# juniper fishing rod rack



## mmwood_1 (Oct 24, 2007)

This post is actually an experiment. I got a digital camera, finally, and I'm trying to figure out resizing/compression to be able to load pics up to this site.

So....I was hired by a woman to build this fishing rod rack for her boyfriend for christmas. He's got a stack of rods laying on the floor and apparently getting them off the floor was worthwhile to her, enough to have a custom piece made. It holds 20 rods, with the reels on, and has 3 shelves for tackle boxes and other assorted gear. One face is hinged so the shelves can be accessed without removing rods. And the entire unit is mounted on a lazy susan so it rotates freely for easy access. The butts of the rods sit in a shallow hole at the bottom, and the upper holder is attached with a screw and wing nut. Because there is no standard distance between the butt of the rod and the first guide, this allows you to rotate the upper holder in case the guide happens to fall right at that spot. It will then put the holder slot ~ 4" higher. Leather straps that slip onto a screw head keep the rods from falling forward when turning the rack or opening the door. He's been wanting to have something made from juniper for some time, so that's the wood she requested. 
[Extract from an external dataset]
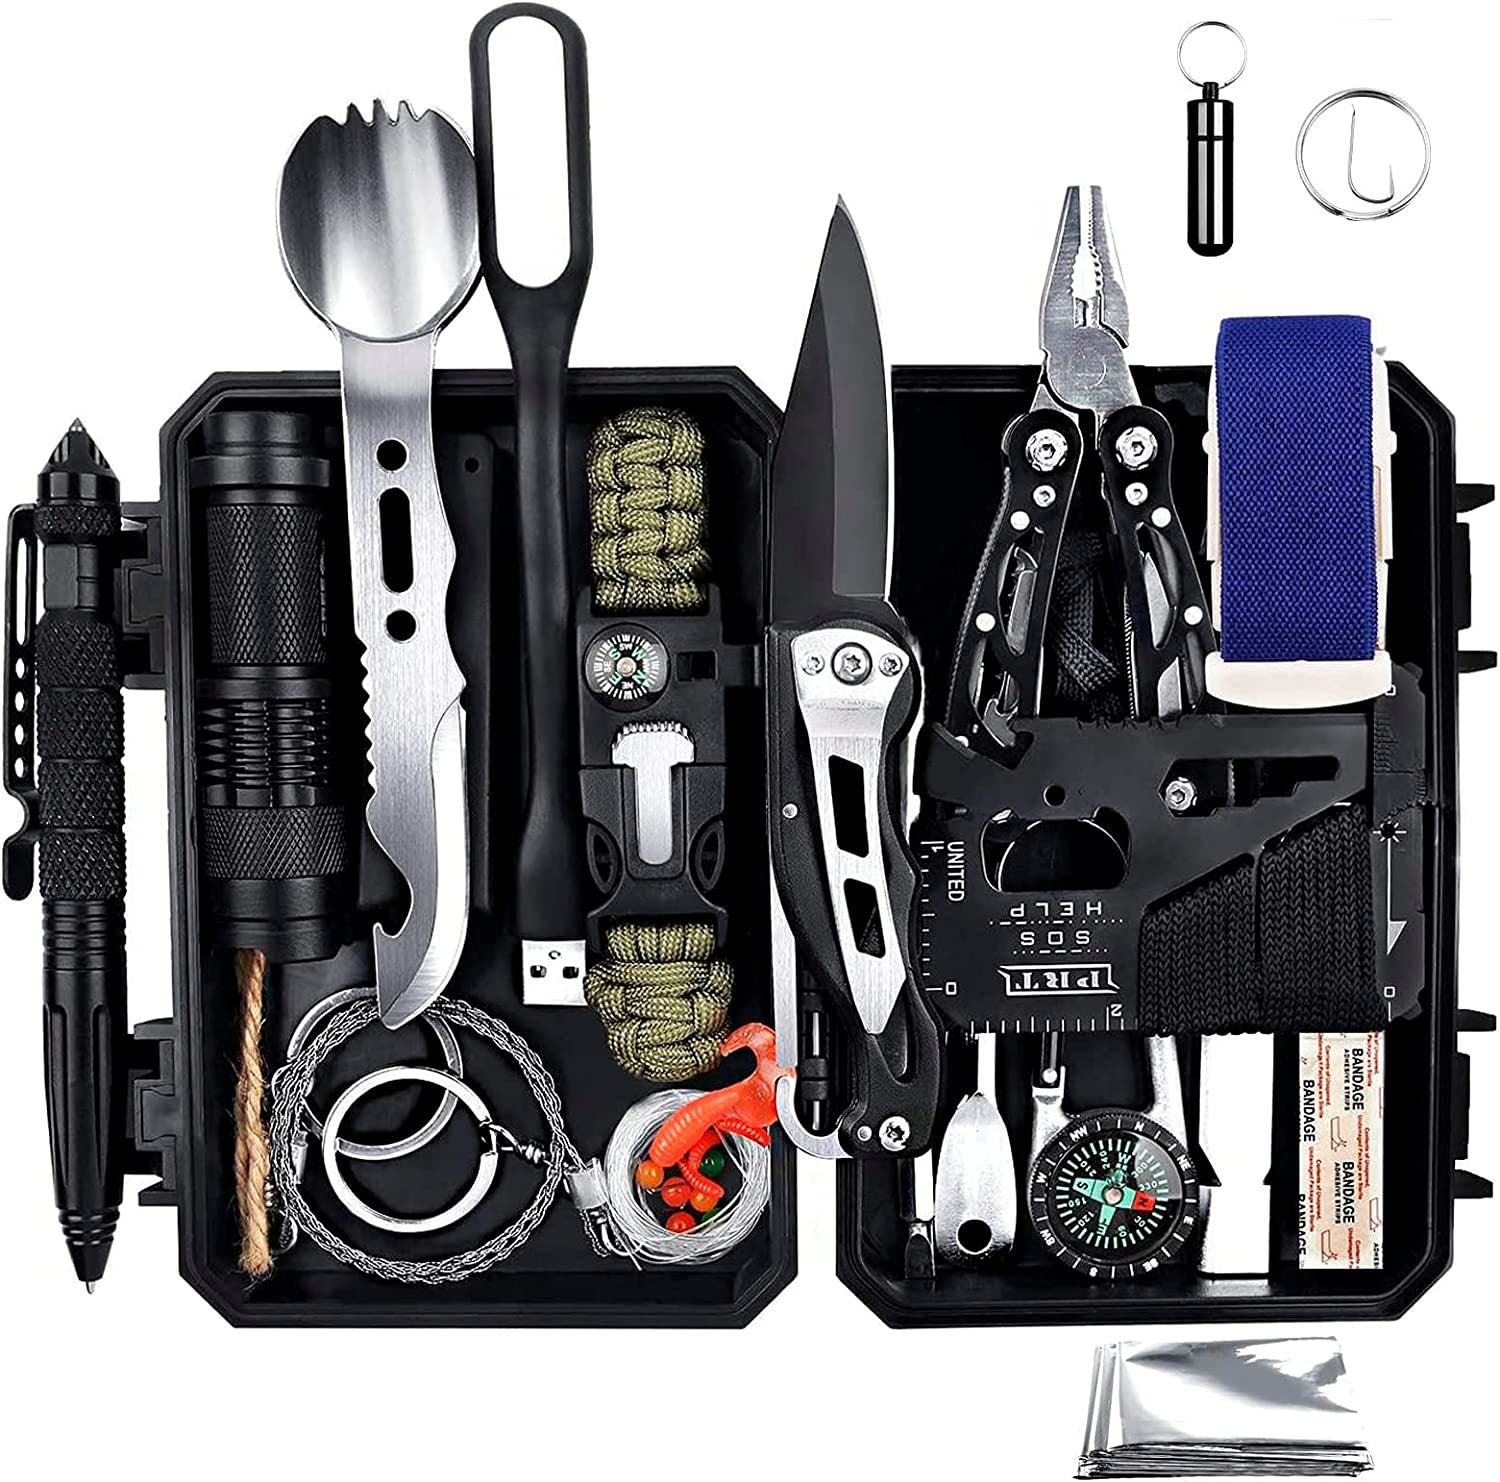 Survival Equipment Kit, Gift for Him

Frames are all mortise and tenon joinery, the shelves are assembled with spline joints and mounted into the frames in dados, screwed and glued. She wanted it a bit rustic looking, not too fancy, so I didn't worry about concealing screws. Not a piece of "fine furniture", but there was only so far she was willing to go for the guy in terms of cost.


----------



## mavawreck (Nov 26, 2011)

Do I spy an old green Penn spinfisher? Can't see one without thinking of my Dad and Grandpa.

Nice work!


----------



## mmwood_1 (Oct 24, 2007)

What an eye! It's a Penn 704 which I used for surf fishing and jetty fishing on the coast. It's been a few years since I've used it, though.


----------



## mavawreck (Nov 26, 2011)

Off topic, but I was digging through photos and found this one from a few years ago. Surf fishing trip for my dads birthday. My dads had his since he was a kid an we've got my grandpas too. Always washed and rebuilt any time they got dunked.


----------



## mmwood_1 (Oct 24, 2007)

It's a good reel for surf fishing. :yes:


----------